Hello everyone,
The update for this week consists of two parts,the CollectionWithTagRule
that is about reading the blocks from HDFS using the XMLInputFormat
class.This rule informs the parser that it needs to read its data in
blocks from HDFS and passes some additional information that are needed
in order to read the items correctly.I made one change in the
XMLInputFormat class, the class reads a block from HDFS and looks for
the starting and closing tag that the user specified in his query.Until
now I did not take into account that in the opening tag there may be
more information refarding the item, for example:
<book name="something">
...
...
</book>
but I was only looking for tags like:
<book>
...
...
</book>
I changed that to take into account that the opening tag may contain
additional information and to include it in the returning item.
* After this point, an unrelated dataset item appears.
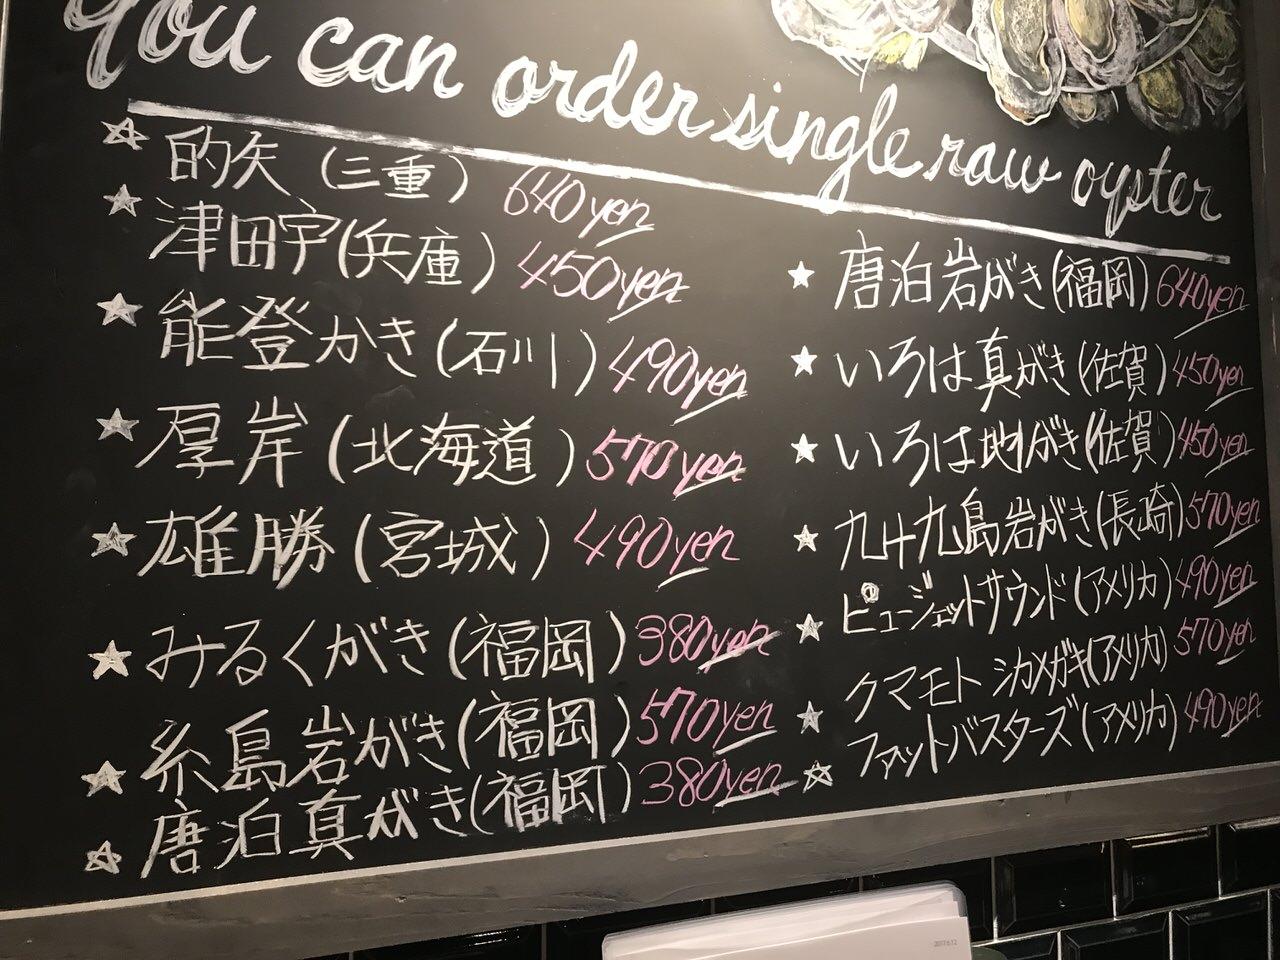 Shinjuku nishiguchi oyster bar 3242

The second part of the update is about the YARN applications, slider and
twill that I tested this week and my conclusions about which can be used
with vxquery better.
- Slider: Requires mostly configuration files and python scripts for
the application to work which I find very good and generic because with
little changes to the configuration you can use the same work in similar
projects.
- Twill: Requires zookeeper installed along with YARN in order to
work.This application needs mostly changes in the code of the project
you want to use with Twill.
Based on these I find slider, yet again, a better candidate.Still if
anyone has more experience with any of these systems I would like to
give me some feedback on my observations and of course which one is best.
Thank you,
Efi